TESTIMONY: “In Kokhanovo, Leonid (born 1930) lived in a house located close to the transit camp for war prisoners. It was an open air camp, on the bank of a river, surrounded by barbed wire and watchtowers. Leonid engaged in secret bartering through the fences: potatoes in exchange for military belts. He also recalled war prisoners burying  their comrades who had succumbed to diseases inside the camp”.

BASIC INFO: From October 15-29, 2011, a Yahad In Unum team went for the eleventh time to Belarus. This was the fourth visit to the Vitebsk region, this time focusing on the district around Orsha. Few archive documents were available to the team on the crimes committed by the Nazis in this area, which makes field research all the more important. Indeed, as the investigations were being carried out on the field, the team explored several sites which had so far not been documented at all, in small towns that used to be more than 50% Jewish.

Over the course of the investigation, the Yahad In Unum team carried out research in 15 places, interviewed 61 witnesses and found 16 shooting sites, a quarter of which have no memorial.

PLACES: Administrative region of Vitebsk. Investigated towns/villages: Slavnoie, Slaveni, Toloshin, Oboltsy, Smoliany, Baran, Bolbassovo, Liozno, Kolychki, Babinovichi, Orekhovsk, Liady, and Kokhanovo.

KEY FINDINGS:
– Ghettos or no ghettos – little forced labor –
Several witnesses identified by the Yahad team report that when the occupiers arrived, the new local authorities established lists of the inhabitants with their origins.For example in Slaveni, Slavnoie, Toloshin, Smoliany, Senno, shortly after the occupiers had arrived, the Jews who had been identified were gathered and crammed into the houses on one street. In Liady, they were gathered in the school. In Baran, they were accommodated in two multi-storey buildings. These ghettos were closed or not, but remained rather porous as was often the case in Belarus : the Jews could rather easily leave whether this was illegal or assisted the local police who let them go about. Bartering was widespread.

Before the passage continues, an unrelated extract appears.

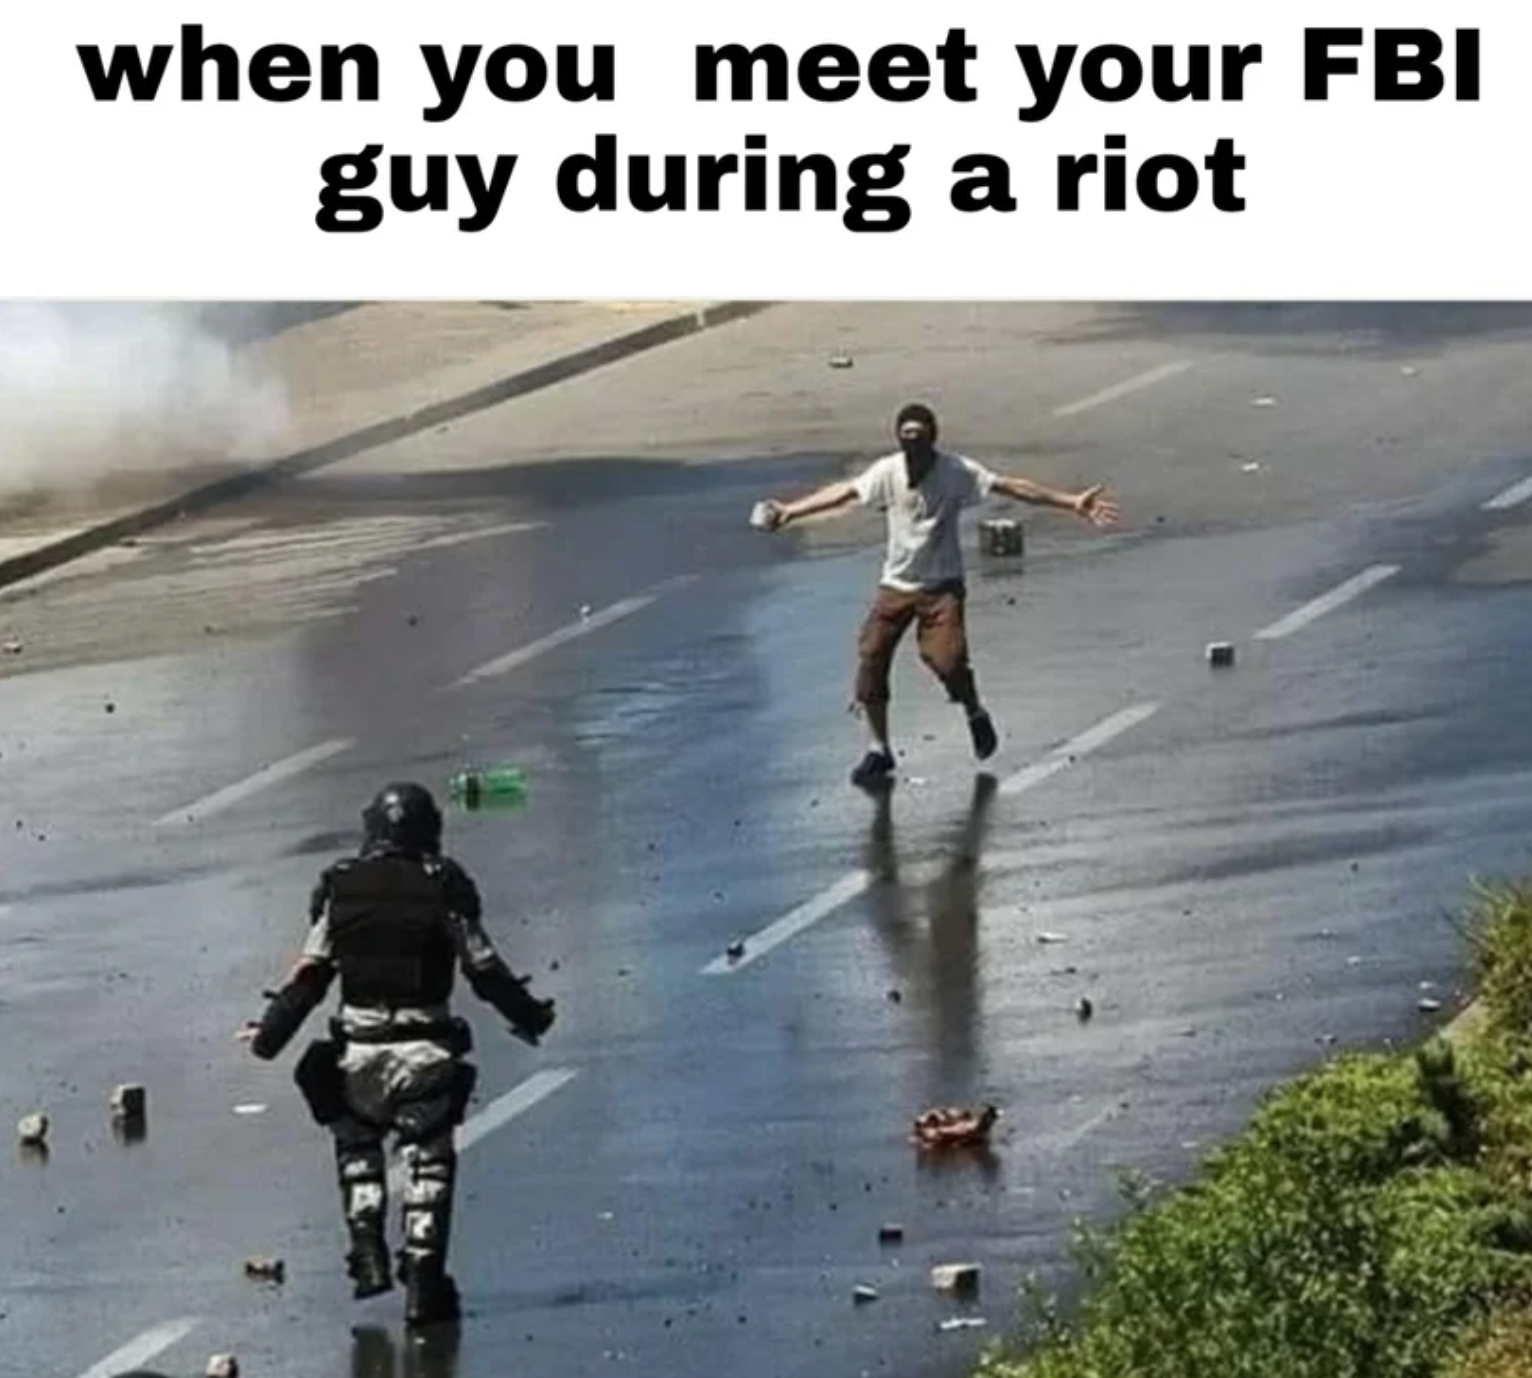 photo caption - when you meet your Fbi guy during a riot

– Shootings very early on –
During this investigation, the team found a substantial number of witnesses to the shootings or of the columns of Jews going to their death. The shootings generally took place rather quickly during the winter of 1942. Quite often, the witnesses mentioned the presence of police in the extermination process, even though, usually, a German death commando had specifically come to carry out the mass murders. Because the shootings were carried out in winter and the earth was frozen, several witnesses remembered blasts, as explosives were used either to dig up pits or to fill them. Sometimes young Jewish men were killed immediately when the occupiers arrived, as was the case in Babinovichi and Kokhanovo.